Doch die Aktion kommt längst nicht überall gut an. Viele sind bereits genervt davon, das ständig irgendwo ein Video mit einem begossenen Promi aufploppt. Sabine Niese kann das verstehen. „Mich nervt es besonders, wenn Promis das Video nur aus PR-Gründen machen und in ihrer Ansprache kein Wort über die ALS verlieren“, sagt sie. Aber: „Genervt zu sein ist immerhin eine Reaktion.“ Grundsätzlich erhofft sie sich aber mehr. Nämlich, dass die tückische Krankheit bekannter wird und so eine Lobby bekommt. Und dass mehr bleibt als die Erinnerung an den Sommer 2014, in dem sich Menschen kaltes Wasser über den Kopf gekippt haben.
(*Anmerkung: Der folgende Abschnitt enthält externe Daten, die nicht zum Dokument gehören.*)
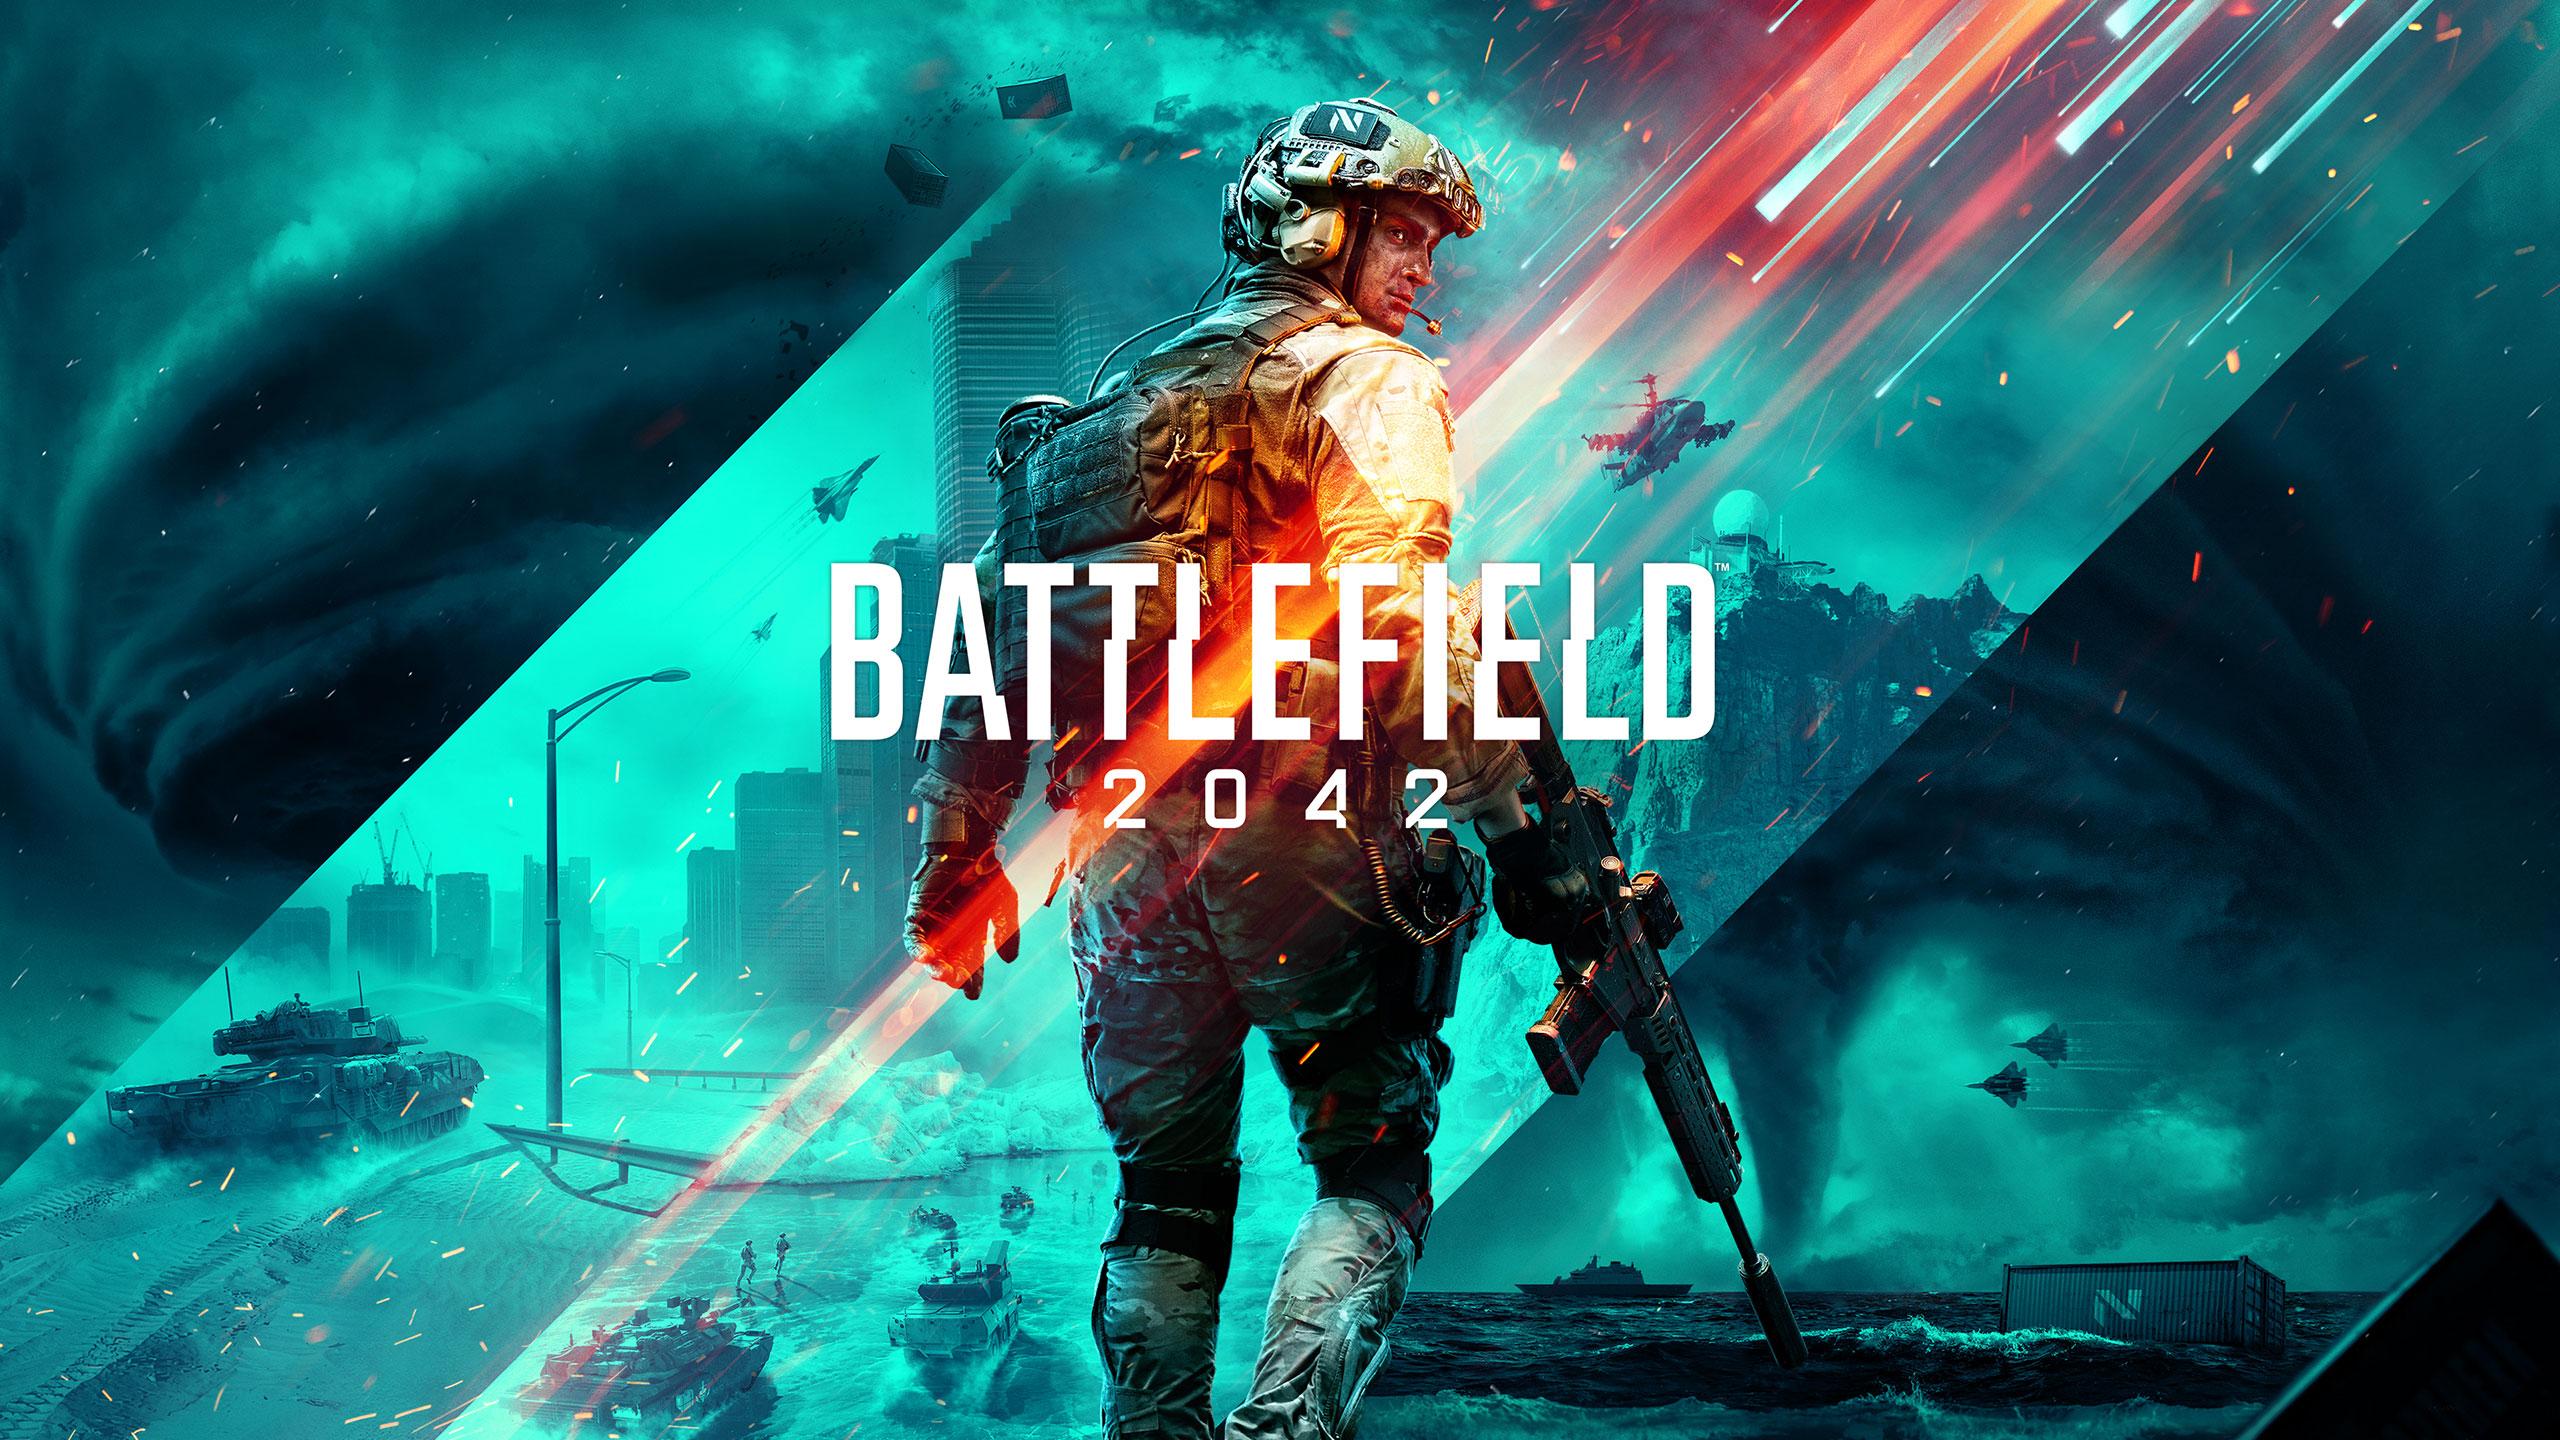 รอกันต่อไป!! DICE ประกาศเลื่อนวางจำหน่าย Battlefield 2042 ออกไปอีก 1 เดือน เป็นวันที่ 19 พฤศจิกายนนี้

Wie kann ich helfen? Wer, auch unabhängig von der„Ice Bucket Challenge“, für die ALS-Forschung und die Betreuung von Betroffenen und Angehörigen spenden möchte, kann das zum Beispiel über die Deutsche Gesellschaft für Muskelkranke tun. Der Verein kooperiert unter anderem mit der ALS-Charité in Berlin und dem Muskelzentrum in Hamburg.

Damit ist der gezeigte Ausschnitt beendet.